### What is needed
Without changing a word, repeat the data, and include no pictures.

### Input data
Segment Open
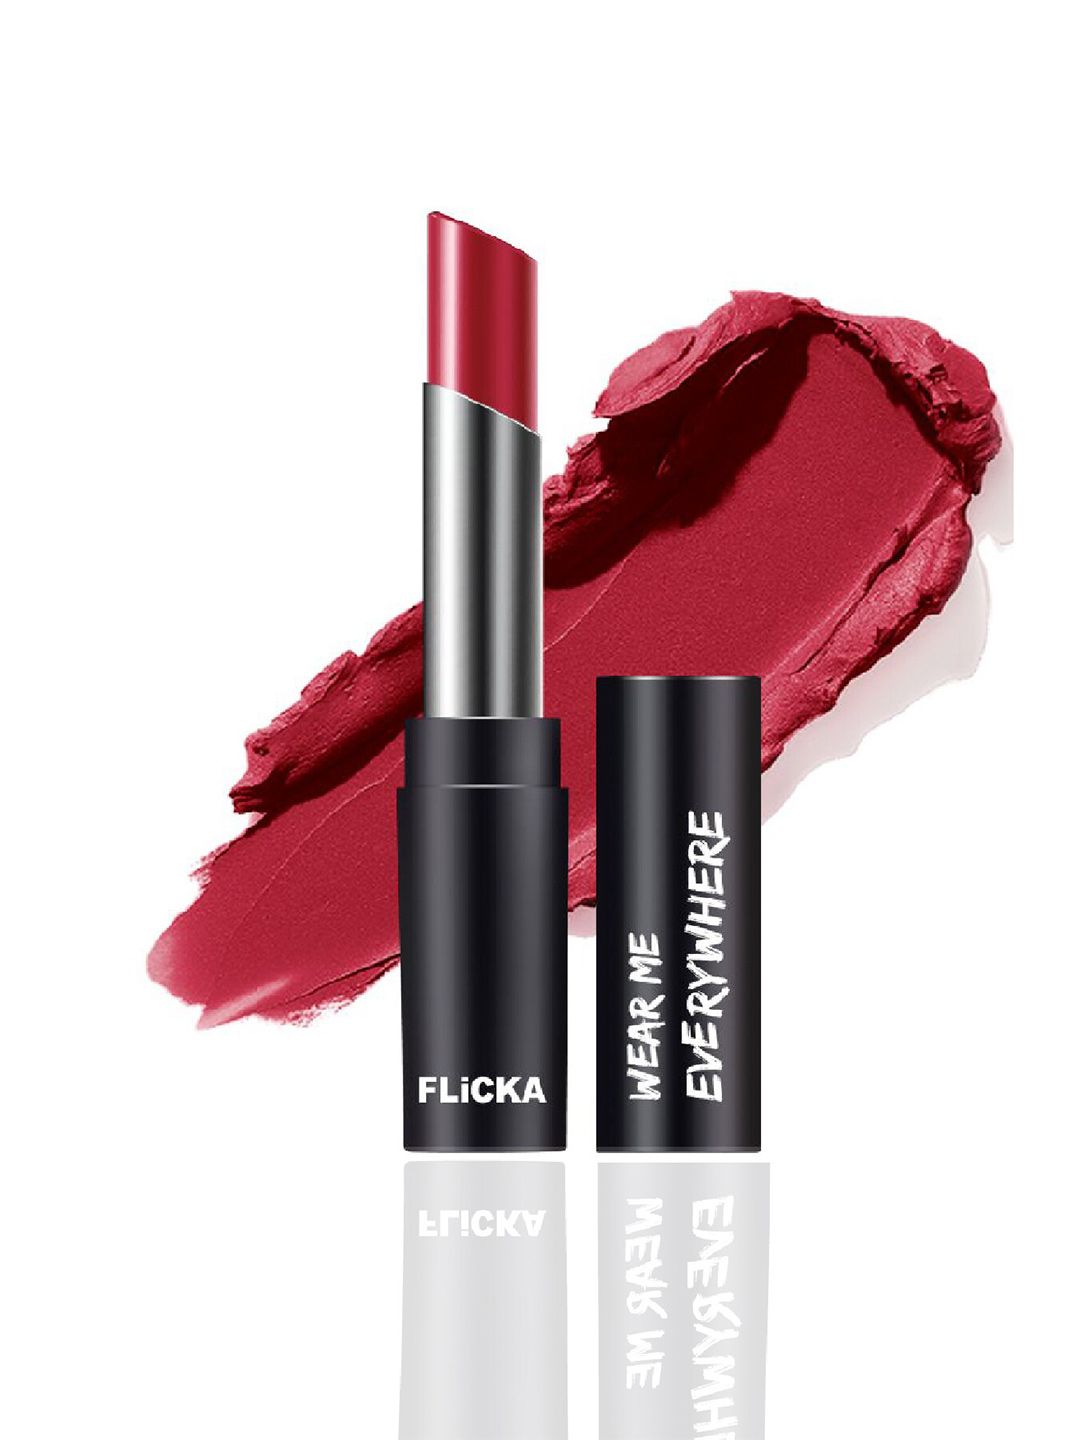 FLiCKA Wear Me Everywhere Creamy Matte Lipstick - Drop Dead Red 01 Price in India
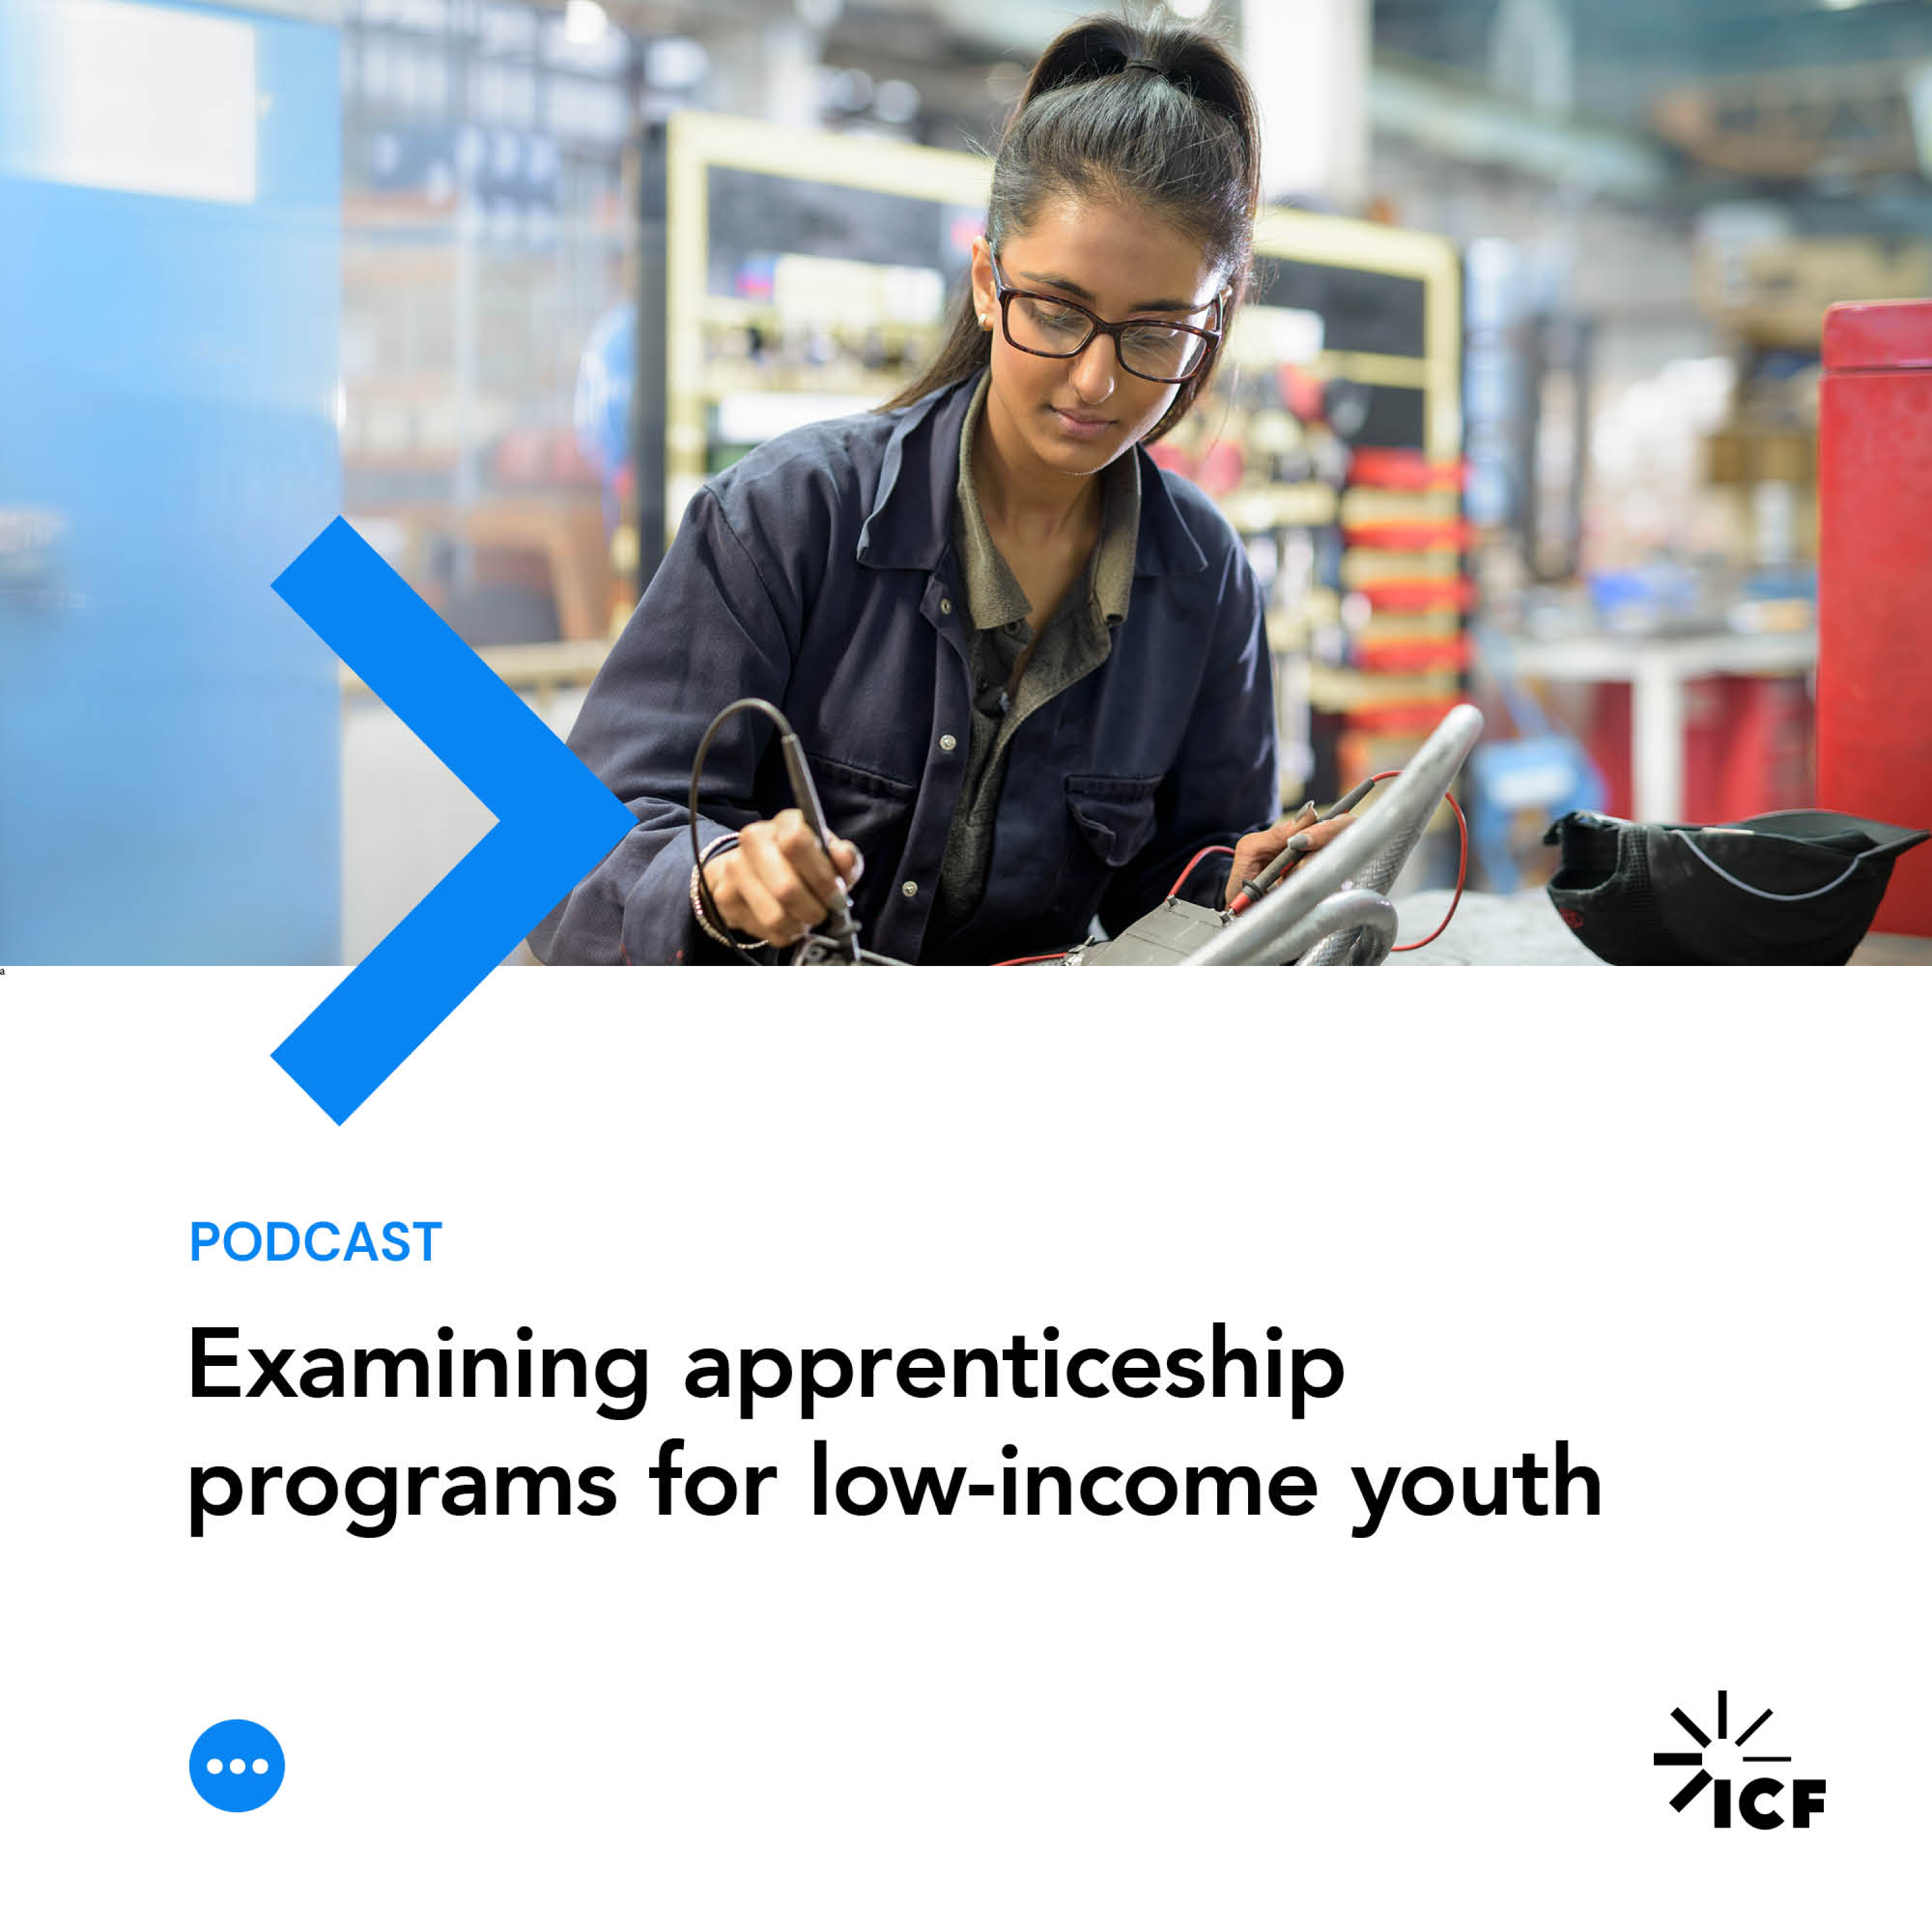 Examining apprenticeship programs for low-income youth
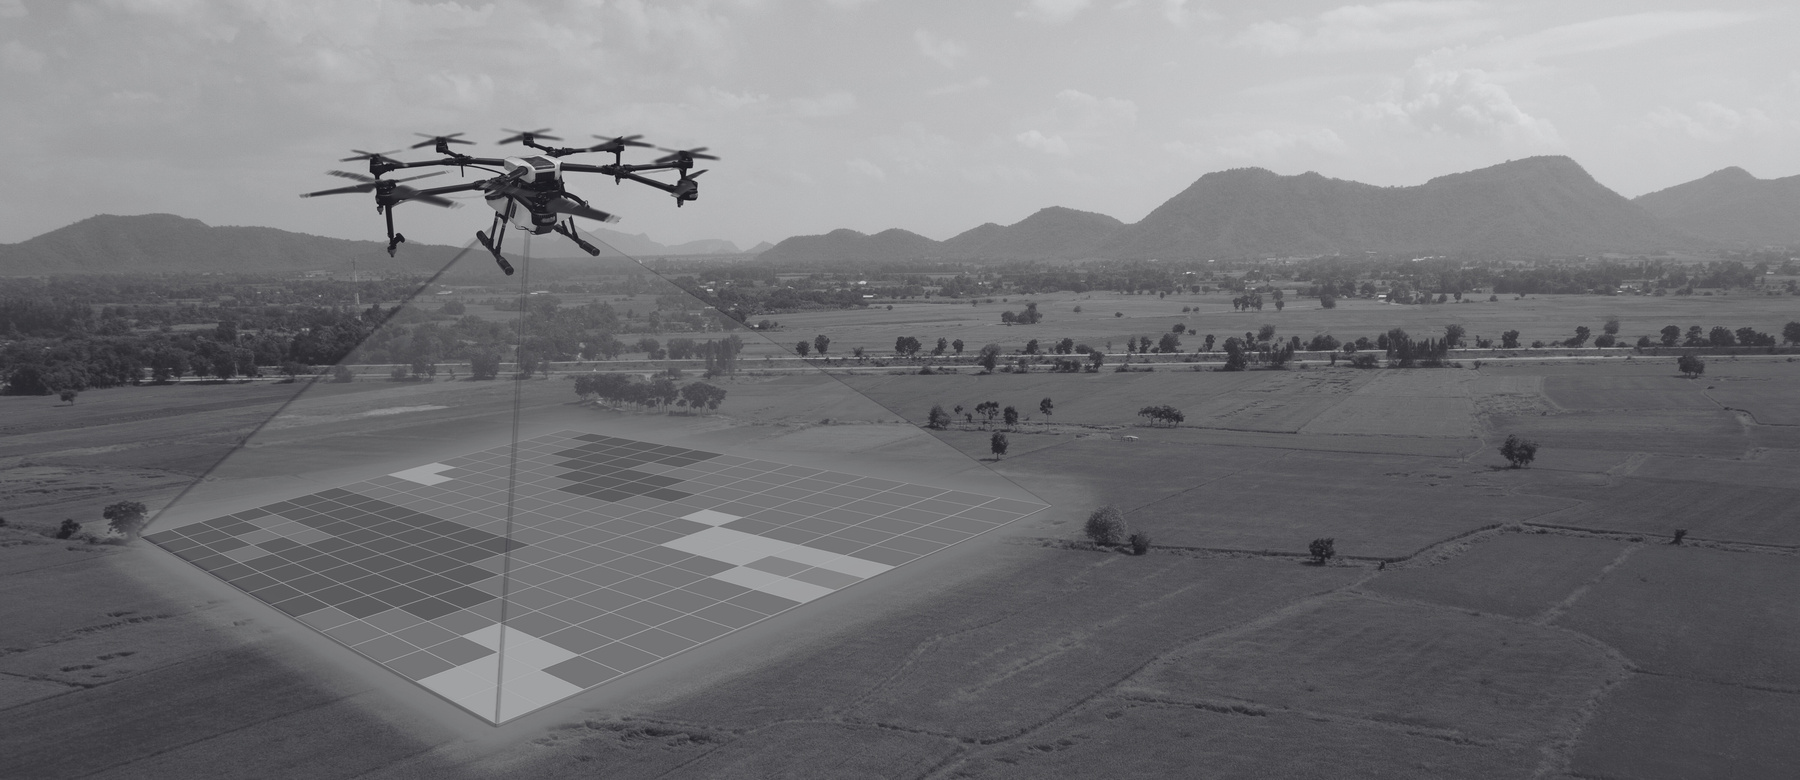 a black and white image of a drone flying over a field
Segment Closed
### Solution
 FLiCKA Wear Me Everywhere Creamy Matte Lipstick - Drop Dead Red 01 Price in India
 Examining apprenticeship programs for low-income youth
 a black and white image of a drone flying over a field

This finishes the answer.